Theoretical simulations of enzyme catalysis have been used to dissect the origin of the catalytic efficiency of enzymes. Nowadays, a growing consensus in the community is being reached around the seminal idea of Pauling [7], who assumed the complementarity between the enzyme’s active site and the TS structure, originally expressed in terms of the lock and key analogy. The enzyme stabilizes more the TS than the Michaelis complex and thus the activation free energy appearing in eq. (2) would be lower than in the absence of the catalysts. Warshel and co-workers [8,9] reformulated and quantified this hypothesis showing that the TS stabilization is basically due to the electrostatic environment provided by the active site of the enzyme. According to these authors, the active site displays an electrostatic environment prepared to accommodate the charge distribution of the reacting system at the TS. This provides a strong stabilization of the TS, relative to the reactants, without changing the enzymatic environment too much during the chemical transformation of the substrate. In contrast, in aqueous solution, water molecules can adapt to the reaction charge flow but, in most of the cases, an energy penalty, the reorganization energy, should be paid to rearrange the solvent molecules. These differences between the enzymatic and non-enzymatic reactions are qualitatively illustrated in Figure 3. The preorganization of the enzyme active site, which is a consequence of its tridimensional covalent structure, avoids the energy cost that must be paid in the uncatalyzed reaction to reaccommodate the solvent, lowering the activation free energy and increasing the rate of the process.

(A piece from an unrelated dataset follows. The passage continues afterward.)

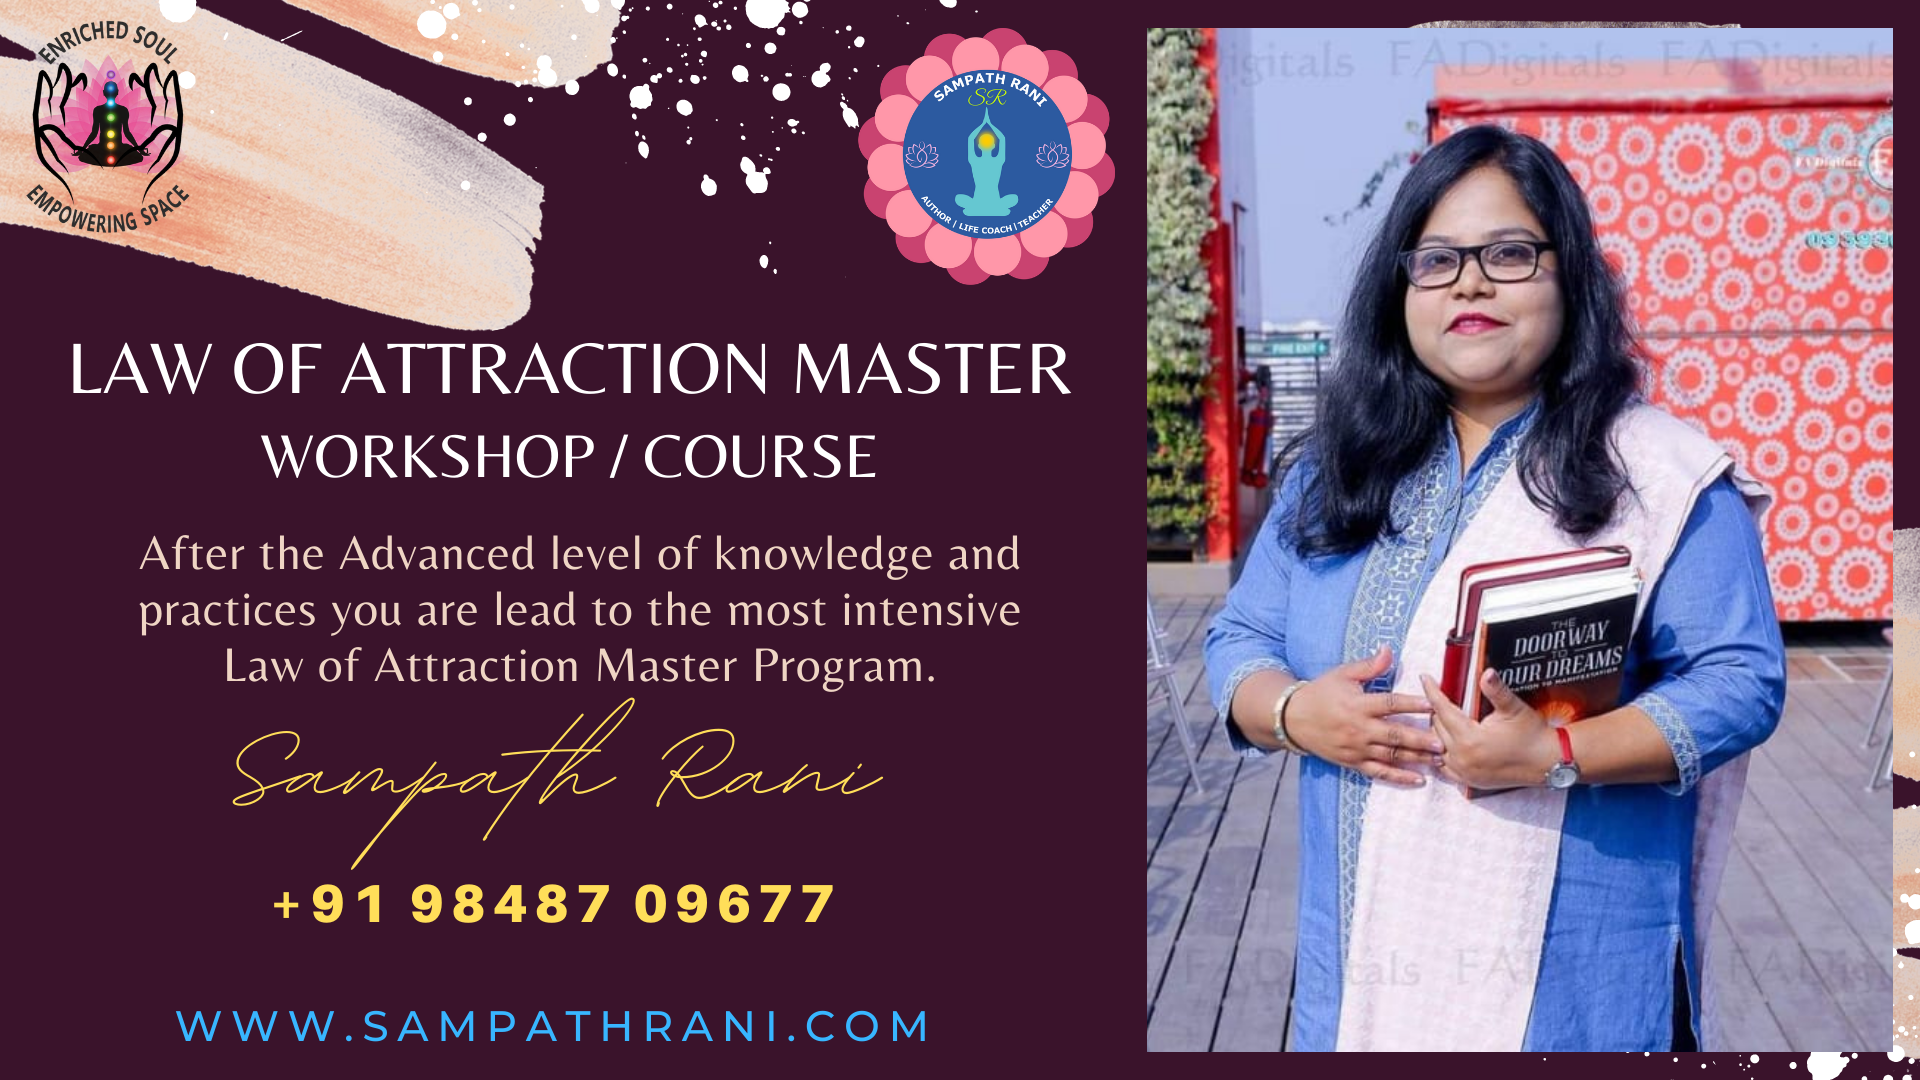 Law of Attraction Master Workshop, Course - by Sampath Rani - Surat

Reorganization around the substrate in the water solvent and in the active site of an enzyme

Figure 3. Reorganization around the substrate in the water solvent and in the active site of an enzyme. Top: When a chemical reaction takes place in aqueous solution, water dipoles need to be reoriented to accommodate to the new charge distribution. The substrate is represented as spheres while water dipoles are represented by arrows. Bottom: The active site of an enzyme is preorganized to stabilize the charge distribution of the reaction Transition State, avoiding a free energy penalty and thus increasing the reaction rate. Arrows represent electrostatic interactions of the substrate with active site residues.

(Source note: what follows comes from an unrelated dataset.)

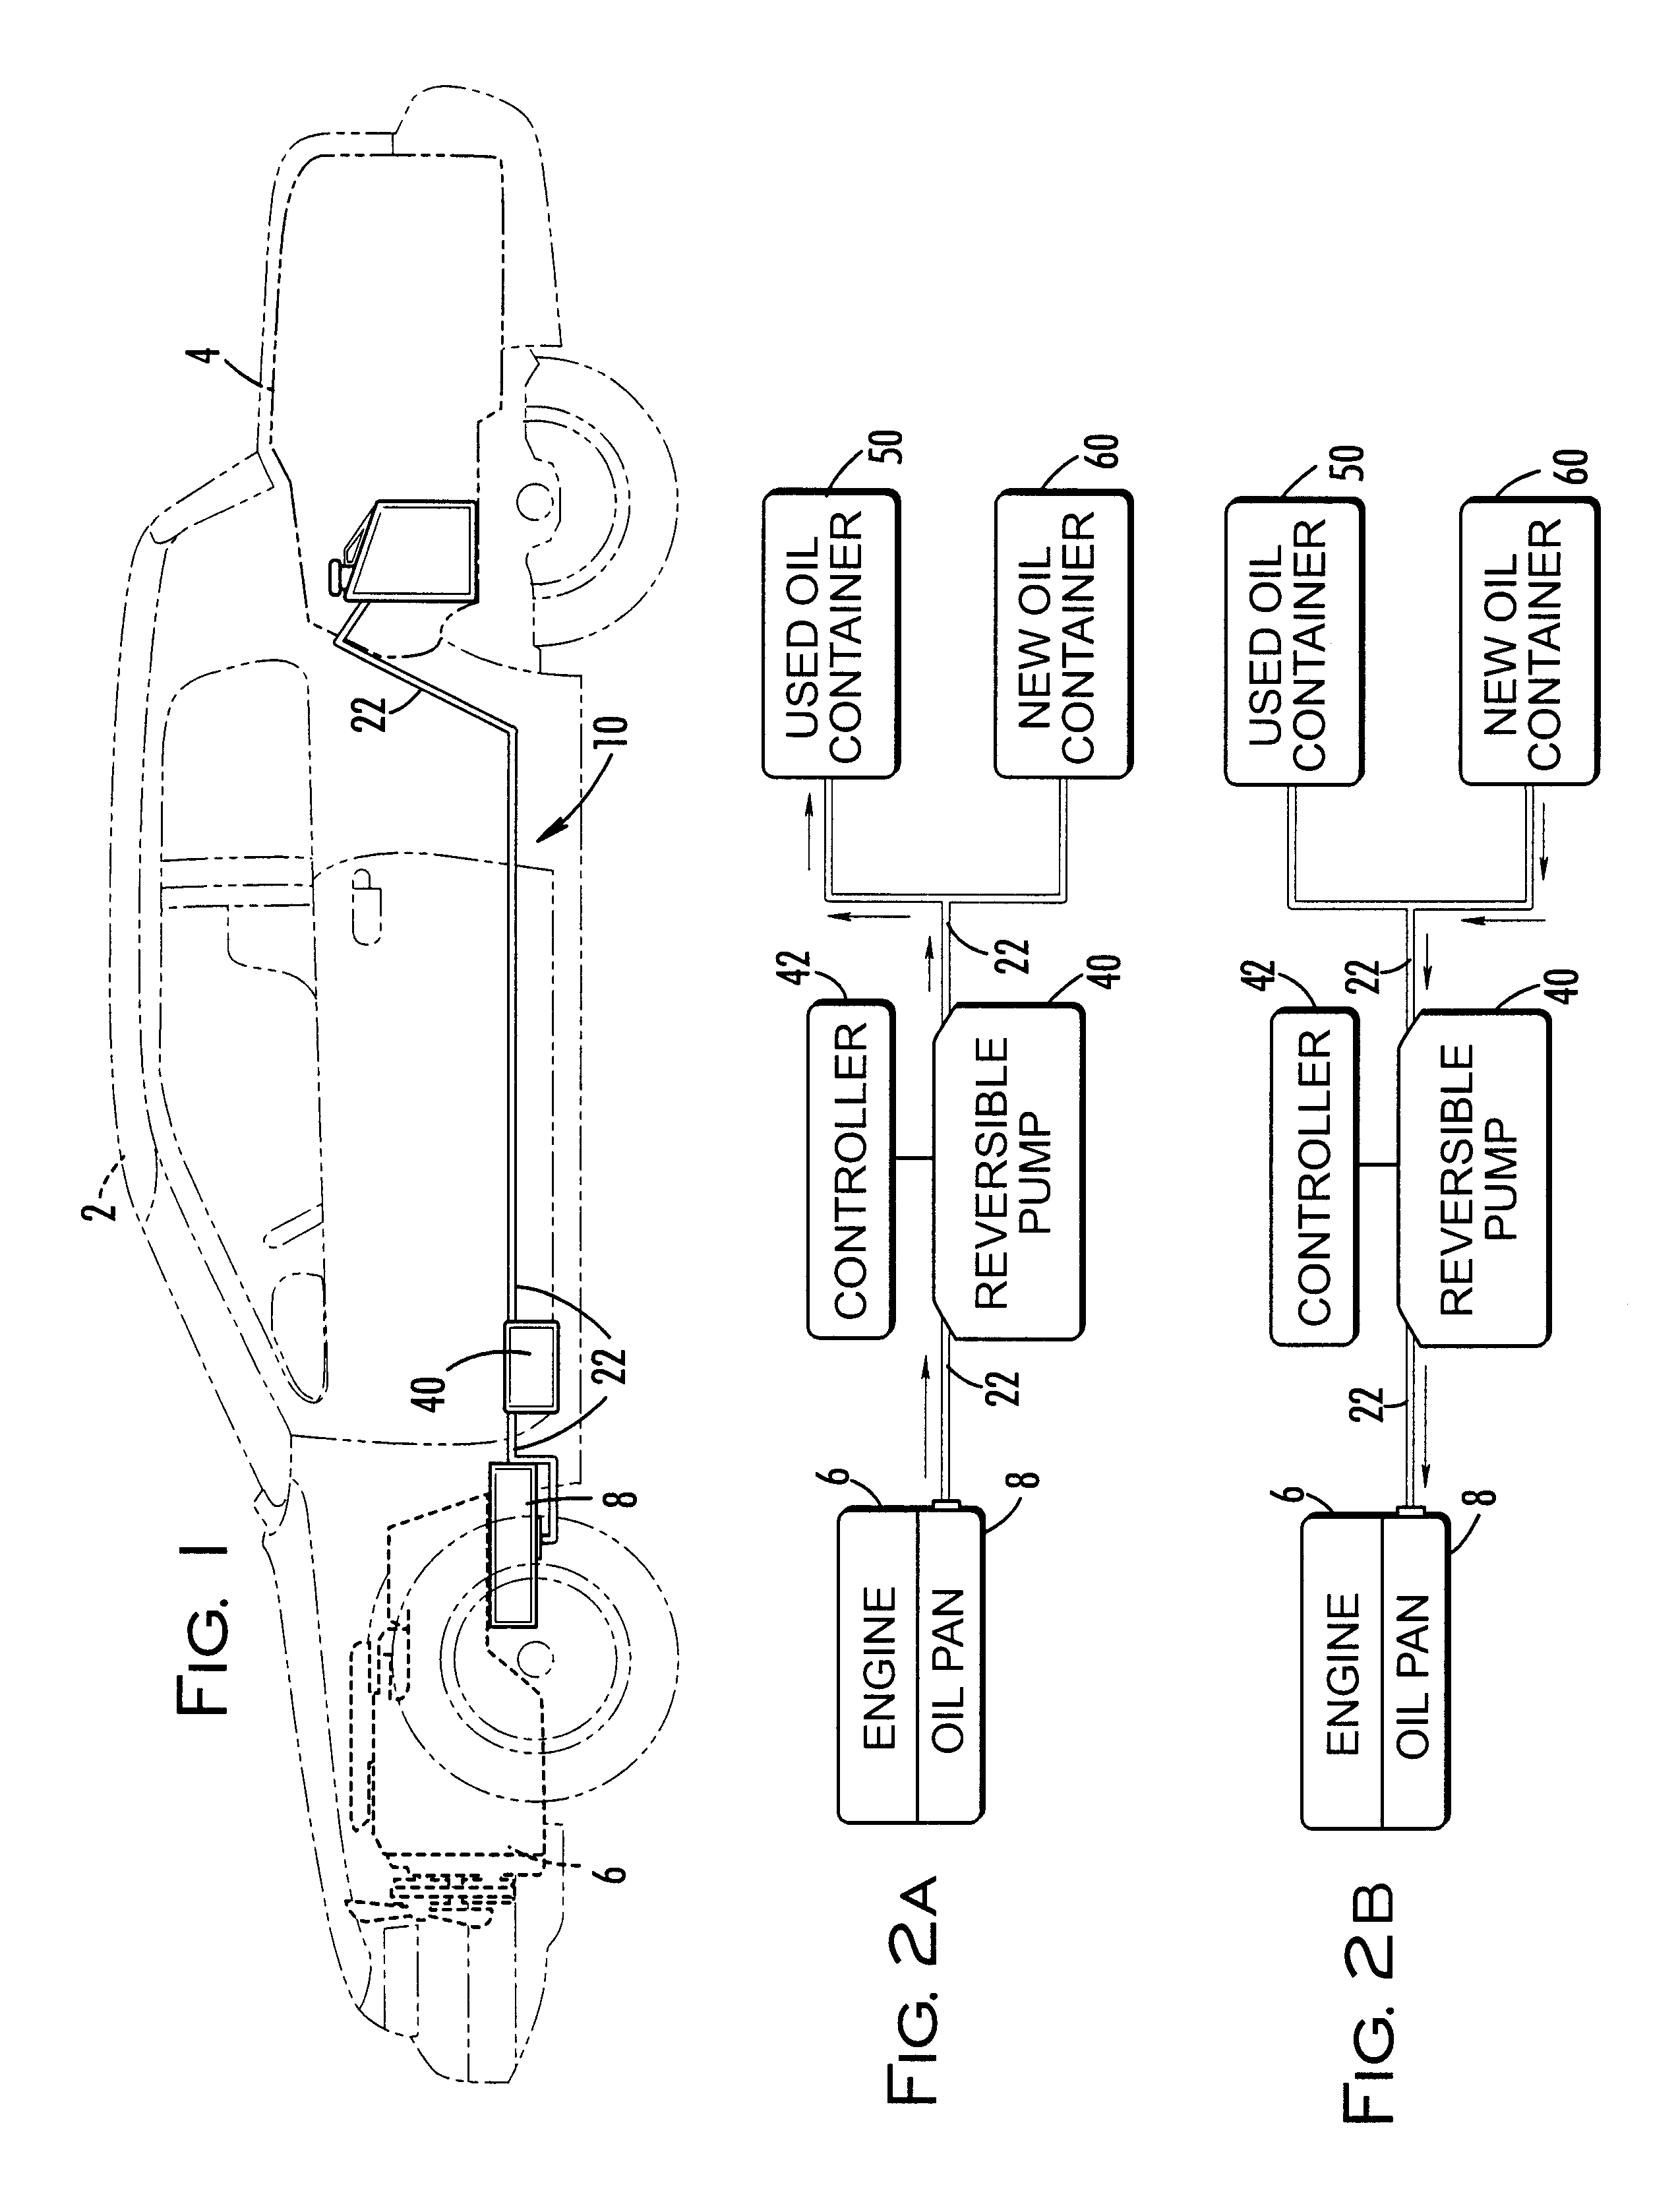 Automated oil changing system

Nevertheless, other theories have been invoked to explain the origin of the catalytic efficiency of enzymes. Some of the most popular proposals during previous years where those emphasizing the role of the enzyme in the formation of the Michaelis complex (ES in (1)). While the counterpart reaction in solution would require to approach and orient conveniently the reacting fragments, with a concomitant free energy cost, this rearrangement of the reacting fragments would occur in the enzyme already at the Michaelis complex and its free energy cost would be subsumed in the binding free energy. Thus, the key for the catalysis now focuses on the rearrangement of the substrate that takes place favourably in the enzyme active site and has an energetic cost in solution. In this sense Bruice et al. [10] introduced the concept of Near Attack Conformations (NAC), which are ground state conformers that closely resemble the TS. NACs would be as turnstiles through which the ground state must pass to reach the TS. According to this idea, the enzyme active site would decrease the activation free energy by increasing the probability of finding NAC-like structures.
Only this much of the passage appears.